Bhardwaj v. Pathak, 2016 U.S. App. LEXIS 16283 (9th Cir. Sept. 2, 2016):
* This disposition is not appropriate for publication and is not precedent except as provided by Ninth Circuit Rule 36-3.
Sanjay Bhardwaj appeals pro se from the district court's dismissal of his Racketeer Influenced and Corrupt Organizations Act ("RICO"), 18 U.S.C. §§ 1961-1968, 42 U.S.C. § 1983, and state law claims against his ex-wife and numerous others who were involved in the state court-ordered sale of the family home and division of marital assets during his and his ex-wife's dissolution proceedings. We have jurisdiction under 28 U.S.C. § 1291. We affirm.
1. We review de novo dismissals under Federal Rule of Civil Procedure 12(b)(1) and (6). Rhoades v. Avon Prods., Inc., 504 F.3d 1151, 1156 (9th Cir. 2007).
Bhardwaj's claims against his ex-wife, her attorneys, the state court, the state court judge and commissioner, the court-appointed real estate agent, the sheriff who evicted Bhardwaj, the buyers of the home, and the escrow holder are almost entirely based on, or "inextricably intertwined" with, the state court's alleged legal errors and lack of jurisdiction to order the sale. Noel v. Hall, 341 F.3d 1148, 1158 (9th Cir. 2003). There was no error in dismissing those claims because adjudicating those claims would have required the district court to review the state court's decision for legal error, and as such, the claims are barred by the Rooker-Feldman doctrine. Skinner v. Switzer, 562 U.S. 521, 531-32 (2011); Cooper v. Ramos, 704 F.3d 772, 777-78, 782-83 (9th Cir. 2012).

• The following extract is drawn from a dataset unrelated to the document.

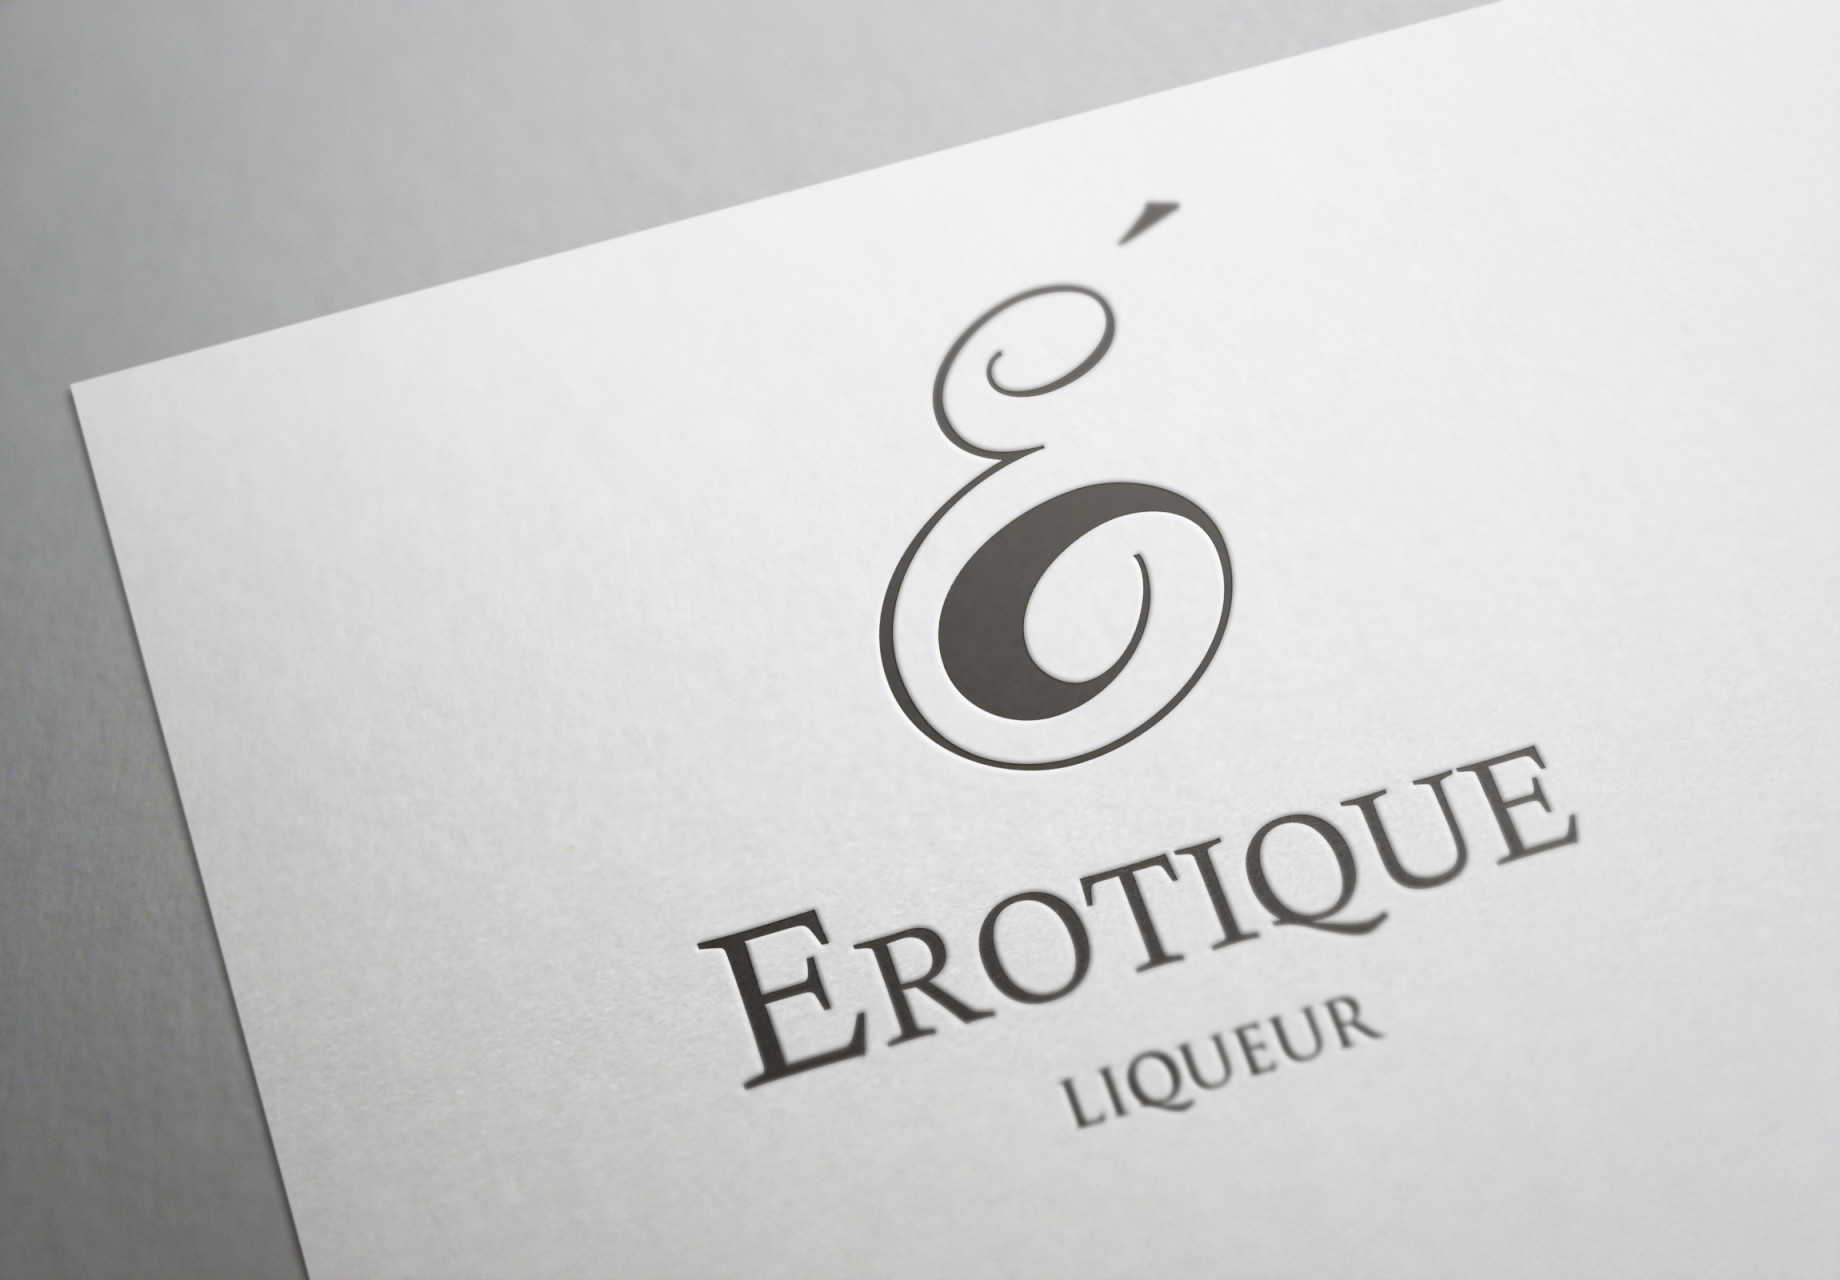 Local Native Introduces “Erotique” New Liquor

There was also no error in dismissing the [*3] claims against the Alameda County Superior Court, as they are barred by the Eleventh Amendment. Simmons v. Sacramento Cty. Superior Court, 318 F.3d 1156, 1161 (9th Cir. 2003).
There was also no error in dismissing Bhardwaj's claims that the state court judge presiding over the dissolution proceedings and Bhardwaj's ex-wife's attorney conspired with court reporters to tamper with state court hearing transcripts. Bhardwaj failed to state a claim under RICO because he did not adequately allege obstruction of justice or any other "racketeering activity" within the meaning of RICO. See 18 U.S.C. § 1961(1) (exhaustive list of crimes that may constitute racketeering activity); see also O'Malley v. N.Y.C. Transit Auth., 896 F.2d 704, 708 (2d Cir. 1990) (obstruction of justice under 18 U.S.C. § 1503 limited to interference with federal court proceedings). His remaining claims fail because his allegations are highly implausible, vague, and conclusory as to the existence of a conspiracy. See Ashcroft v. Iqbal, 556 U.S. 662, 678 (2009) ("The plausibility standard . . . asks for more than a sheer possibility that a defendant has acted unlawfully."); Simmons, 318 F.3d at 1161 (conclusory allegations of a private attorney's conspiracy with state officers are insufficient to state a § 1983 claim against the attorney).
2. The district court did not abuse its discretion in dismissing the complaint without leave to amend because amendment would have been futile. Bhardwaj's [*4] proposed amendments would not have cured the deficiencies. Cervantes v. Countrywide Home Loans, Inc., 656 F.3d 1034, 1041 (9th Cir. 2011) ("Although leave to amend should be given freely, a district court may dismiss without leave where a plaintiff's proposed amendments would fail to cure the pleading deficiencies and amendment would be futile.").
3. The district court did not abuse its discretion in taking judicial notice of state court documents, as the district court relied on them only to describe the procedural history of the case. See Lee v. City of Los Angeles, 250 F.3d 668, 688-90 (9th Cir. 2001).